Little Women The Musical is a fairly new Broadway production, premiering in 2005. The musical, however, is solidly rooted in the classic story by Alcott. The script also appropriately balances drama and humour and the musical numbers are surprisingly delightful. I am surprised because "21st century" and "delightful" rarely go together. Yet, every time I get fed up with the tidal wave of ugly art and post-modern doggerel flooding the creative world, I am pleasantly startled by something beautiful and good. Unfortunately, I find these occasional "roses among thorns" almost exclusively in popular media... e.g., musicals and Hollywood films. Perhaps there is hope in the masses, people made in the image of God, who still prefer truth, beauty and goodness.

This musical is by no means deep or profound; no musical ever is deep or profound. But it is not shallow and meaningless either, which is often the case with the high art one might see at the Toronto Film Festival. So, what is it? It IS delightful.

Wednesday, September 23, 2009

The Great Conversation blogspot

I have launched a "commonplace blog" for one of the courses I teach. The blog is called The Great Conversation. The course I teach is Classical Civilization, a senior course focusing on the literature, philosophy, culture and history of the Greco-Roman world.

A commonplace blog and a Well Educated Mind

My students are collecting from their readings any interesting, pithy, thought-provoking quotations/excerpts and posting them to the blog. Some posts are simple quotations; some posts will include commentary, analysis and reflection. My hope is that my students will do more than "read" the assigned texts; my hope is that they will take in, interact with and learn from the texts we are studying.

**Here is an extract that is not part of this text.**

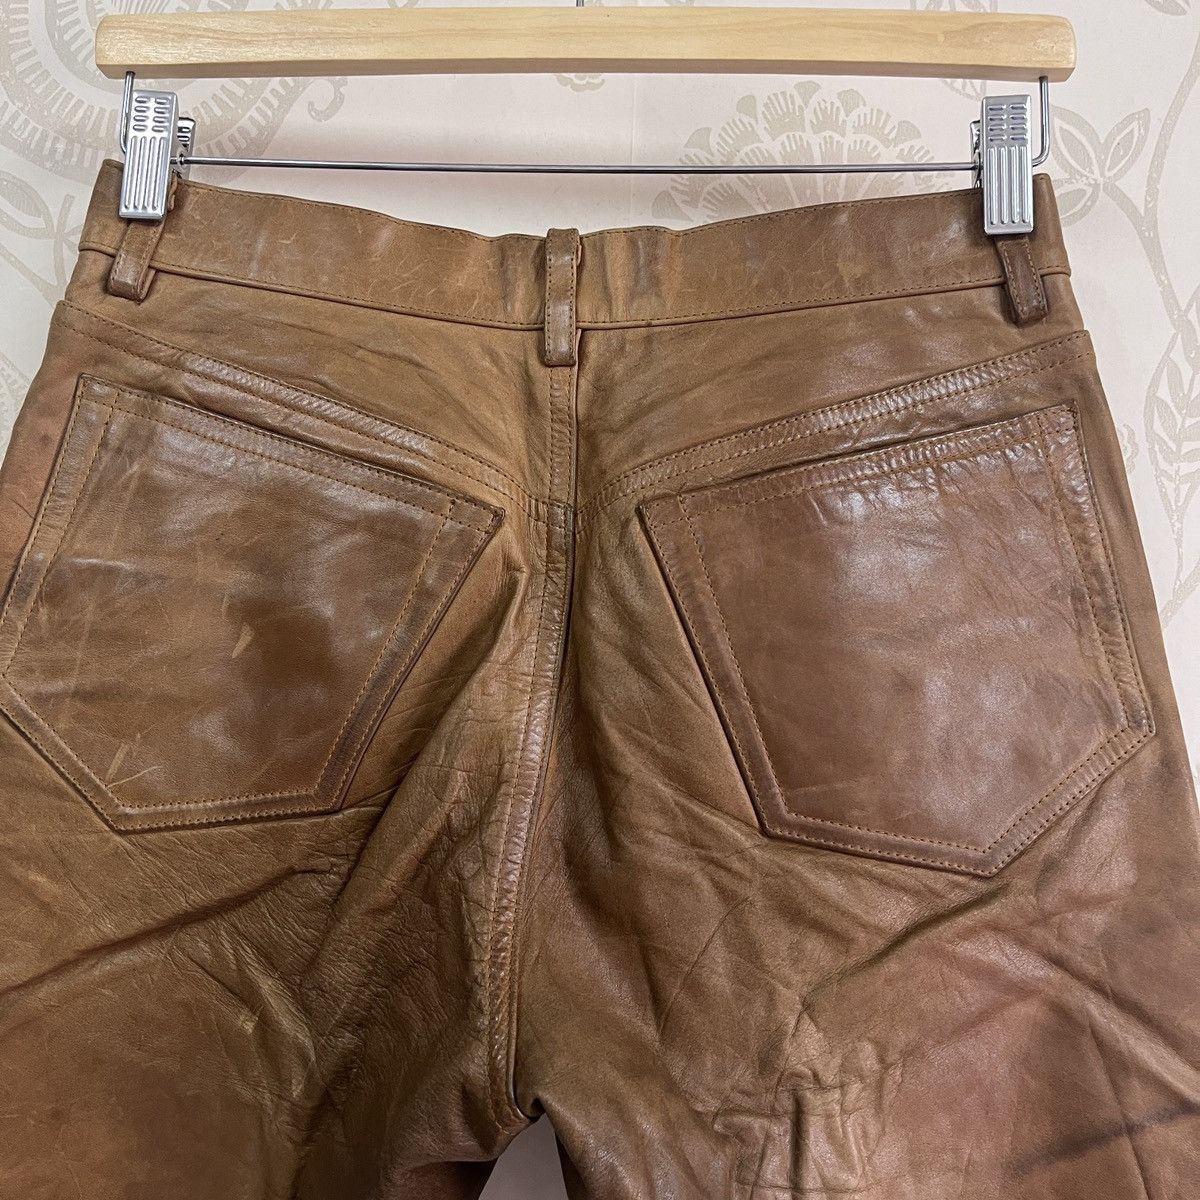 Genuine Leather - Japan 5351 Pour Les Homme Leather Pants - 21

The idea to create a "commonplace blog" came from reading The Well Educated Mind by Susan Wise Bauer (2003). In the book, Bauer writes about commonplace books, books where readers would gather and collect quotations from what they were reading. It serves as a record of some one's intellectual journey through collected passages from his readings. Below is an explanation of the origin and methods of keeping commonplace books:

“Time was when readers kept commonplace books. Whenever they came across a pithy passage, they copied it into a notebook under an appropriate heading, adding observations made in the course of daily life. Erasmus instructed them how to do it… The practice spread everywhere in early modern England, among ordinary readers as well as famous writers like Francis Bacon, Ben Jonson, John Milton, and John Locke. It involved a special way of taking in the printed word. Unlike modern readers, who follow the flow of a narrative from beginning to end, early modern Englishmen read in fits and starts and jumped from book to book. They broke texts into fragments and assembled them into new patterns by transcribing them in different sections of their notebooks. Then they reread the copies and rearranged the patterns while adding more excerpts. Reading and writing were therefore inseparable activities. They belonged to a continuous effort to make sense of things, for the world was full of signs: you could read your way through it; and by keeping an account of your readings, you made a book of your own, one stamped with your personality. . . . The era of the commonplace book reached its peak in the late Renaissance, although commonplacing as a practice probably began in the twelfth century and remained widespread among the Victorians. It disappeared long before the advent of the sound bite.”
—Robert Darnton, “Extraordinary Commonplaces,”
The New York Review of Books, December 21, 2000

The Great Conversation

My plan is for the creation of a class set of collected quotations and commentary, posted in the blogsphere. Students will listen in and contribute to the Great Conversation---that is, three millenia of writing, discussion and thinking about the ideas and values that have shaped Classical and Western civilizations. Collectively, we can chart our intellectual growth and changing perspectives as a class.

Why Blog?

Blogging adds a public and communal aspect to the commonplace book; students can read and comment on each other's thoughts, positions and opinions. Students are exposed to varying perspectives on the same texts they have also read. Blogging also adds a "published" aspect to writing. Students need to organize their thoughts in a way that can be understood. They are writing for an audience. They must adhere to the conventions of grammar, spelling and vocabulary. This is not always done perfectly... but the students are no longer writing for a mark. They are writing to communicate to other people, in their class and in cyberspace.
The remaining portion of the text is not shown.